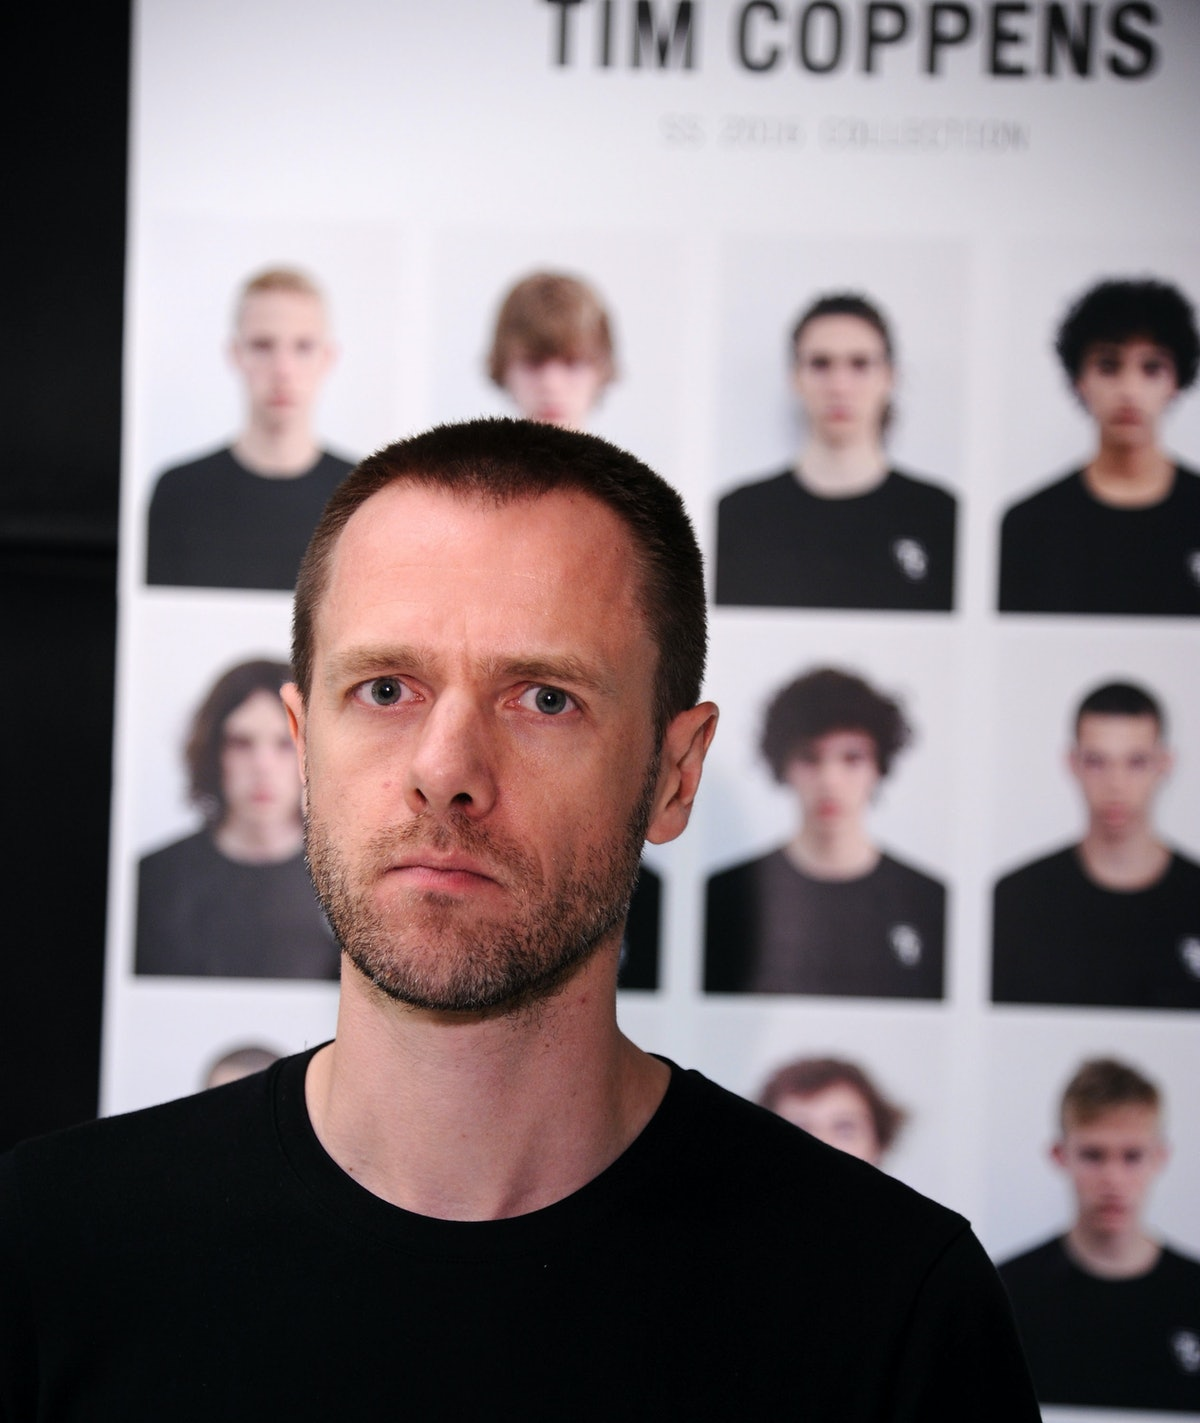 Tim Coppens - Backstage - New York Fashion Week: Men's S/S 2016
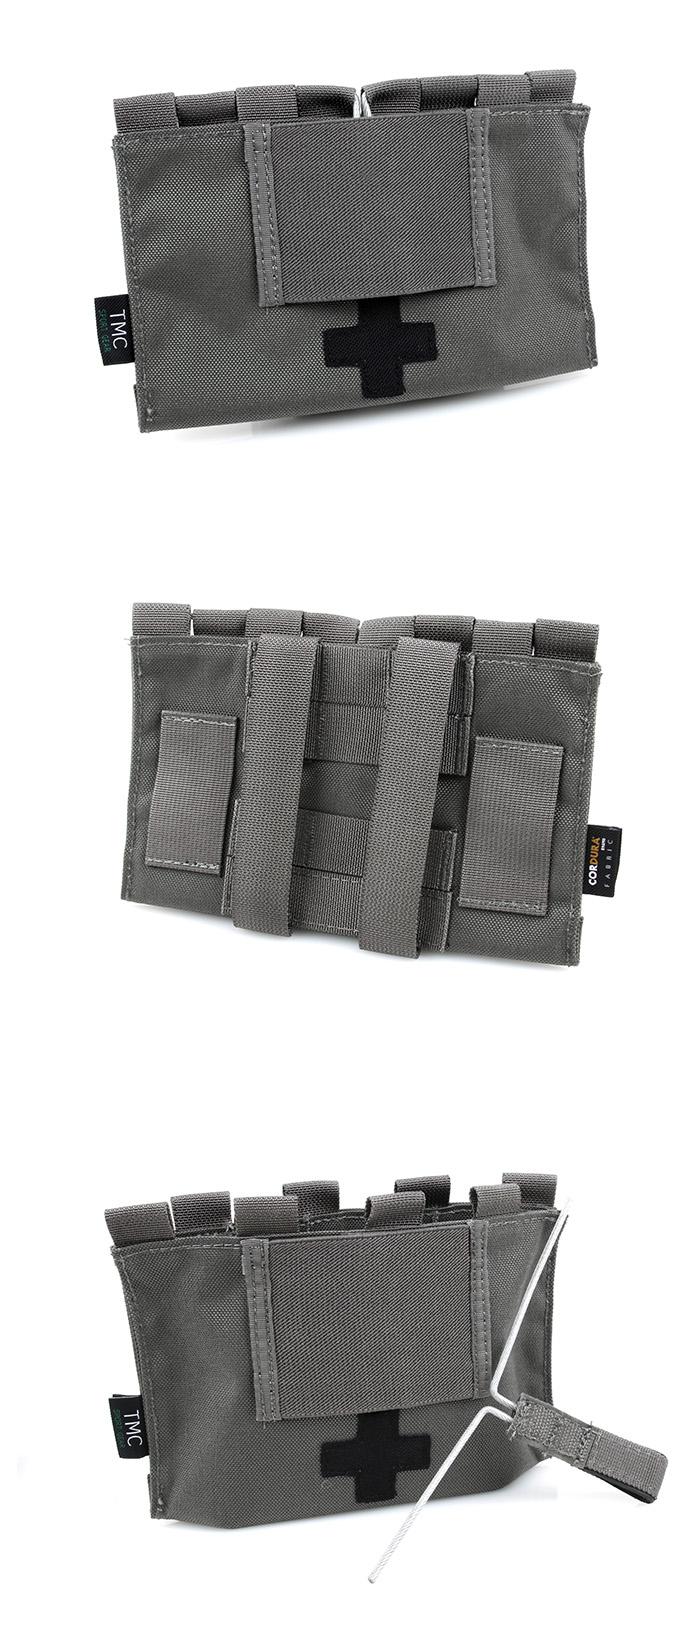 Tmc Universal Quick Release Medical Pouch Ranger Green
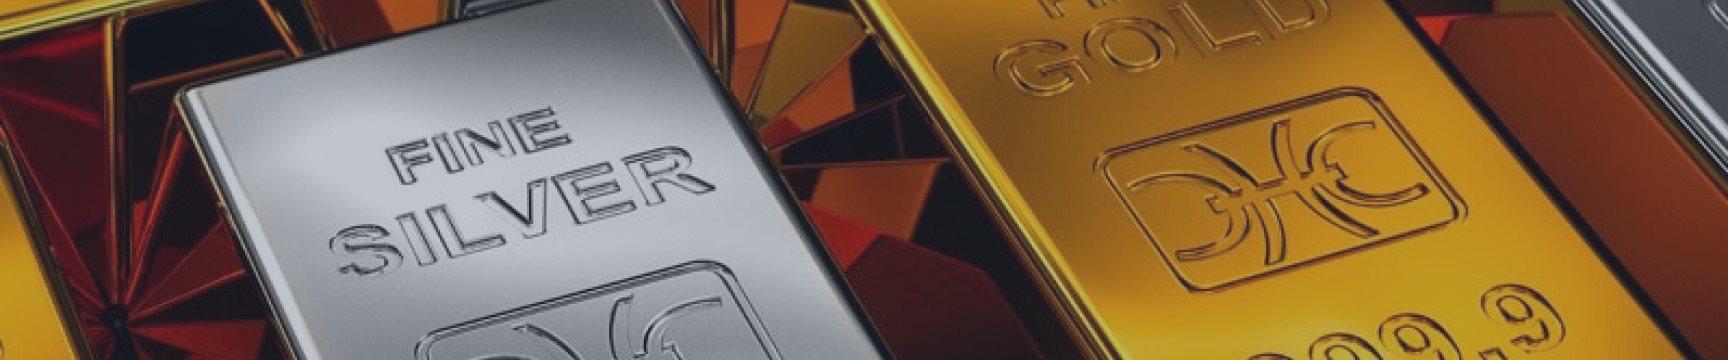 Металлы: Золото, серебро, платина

+++

- [What needs to be done]: The reply must consist of the complete listing, reproduced exactly, with no images.

- [Response]:
 Tim Coppens - Backstage - New York Fashion Week: Men's S/S 2016
 Tmc Universal Quick Release Medical Pouch Ranger Green
 Металлы: Золото, серебро, платина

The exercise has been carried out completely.